_SUPPLIED DATA_
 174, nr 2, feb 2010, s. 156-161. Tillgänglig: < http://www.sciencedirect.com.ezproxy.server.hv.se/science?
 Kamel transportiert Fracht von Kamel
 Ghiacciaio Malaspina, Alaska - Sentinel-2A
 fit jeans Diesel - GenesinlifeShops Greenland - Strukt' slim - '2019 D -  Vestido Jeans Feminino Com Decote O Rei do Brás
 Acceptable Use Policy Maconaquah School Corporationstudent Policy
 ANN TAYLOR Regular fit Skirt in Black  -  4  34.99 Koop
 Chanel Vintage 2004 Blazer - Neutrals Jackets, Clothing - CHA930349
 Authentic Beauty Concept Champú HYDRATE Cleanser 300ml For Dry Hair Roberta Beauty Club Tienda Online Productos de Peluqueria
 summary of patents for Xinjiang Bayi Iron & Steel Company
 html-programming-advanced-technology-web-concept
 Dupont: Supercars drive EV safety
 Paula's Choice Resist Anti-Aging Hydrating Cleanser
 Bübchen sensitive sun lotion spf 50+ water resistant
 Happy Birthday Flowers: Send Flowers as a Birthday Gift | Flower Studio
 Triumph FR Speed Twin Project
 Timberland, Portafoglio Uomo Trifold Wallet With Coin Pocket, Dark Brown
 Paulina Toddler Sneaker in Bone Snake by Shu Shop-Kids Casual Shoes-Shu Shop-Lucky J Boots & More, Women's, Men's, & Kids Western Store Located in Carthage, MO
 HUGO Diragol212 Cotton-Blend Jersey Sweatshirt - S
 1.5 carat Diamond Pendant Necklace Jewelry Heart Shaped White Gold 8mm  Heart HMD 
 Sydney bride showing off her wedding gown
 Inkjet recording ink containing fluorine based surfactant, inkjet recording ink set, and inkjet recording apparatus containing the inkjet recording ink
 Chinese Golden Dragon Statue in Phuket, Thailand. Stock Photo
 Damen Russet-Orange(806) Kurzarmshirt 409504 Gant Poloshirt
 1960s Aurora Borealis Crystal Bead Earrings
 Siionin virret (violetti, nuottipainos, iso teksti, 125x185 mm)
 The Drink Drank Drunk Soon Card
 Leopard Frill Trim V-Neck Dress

_WORK REQUIRED_
Write every entry out again. Keep each one exact.

_EXERCISE RESPONSE_
 174, nr 2, feb 2010, s. 156-161. Tillgänglig: < http://www.sciencedirect.com.ezproxy.server.hv.se/science?
 Kamel transportiert Fracht von Kamel
 Ghiacciaio Malaspina, Alaska - Sentinel-2A
 fit jeans Diesel - GenesinlifeShops Greenland - Strukt' slim - '2019 D -  Vestido Jeans Feminino Com Decote O Rei do Brás
 Acceptable Use Policy Maconaquah School Corporationstudent Policy
 ANN TAYLOR Regular fit Skirt in Black  -  4  34.99 Koop
 Chanel Vintage 2004 Blazer - Neutrals Jackets, Clothing - CHA930349
 Authentic Beauty Concept Champú HYDRATE Cleanser 300ml For Dry Hair Roberta Beauty Club Tienda Online Productos de Peluqueria
 summary of patents for Xinjiang Bayi Iron & Steel Company
 html-programming-advanced-technology-web-concept
 Dupont: Supercars drive EV safety
 Paula's Choice Resist Anti-Aging Hydrating Cleanser
 Bübchen sensitive sun lotion spf 50+ water resistant
 Happy Birthday Flowers: Send Flowers as a Birthday Gift | Flower Studio
 Triumph FR Speed Twin Project
 Timberland, Portafoglio Uomo Trifold Wallet With Coin Pocket, Dark Brown
 Paulina Toddler Sneaker in Bone Snake by Shu Shop-Kids Casual Shoes-Shu Shop-Lucky J Boots & More, Women's, Men's, & Kids Western Store Located in Carthage, MO
 HUGO Diragol212 Cotton-Blend Jersey Sweatshirt - S
 1.5 carat Diamond Pendant Necklace Jewelry Heart Shaped White Gold 8mm  Heart HMD 
 Sydney bride showing off her wedding gown
 Inkjet recording ink containing fluorine based surfactant, inkjet recording ink set, and inkjet recording apparatus containing the inkjet recording ink
 Chinese Golden Dragon Statue in Phuket, Thailand. Stock Photo
 Damen Russet-Orange(806) Kurzarmshirt 409504 Gant Poloshirt
 1960s Aurora Borealis Crystal Bead Earrings
 Siionin virret (violetti, nuottipainos, iso teksti, 125x185 mm)
 The Drink Drank Drunk Soon Card
 Leopard Frill Trim V-Neck Dress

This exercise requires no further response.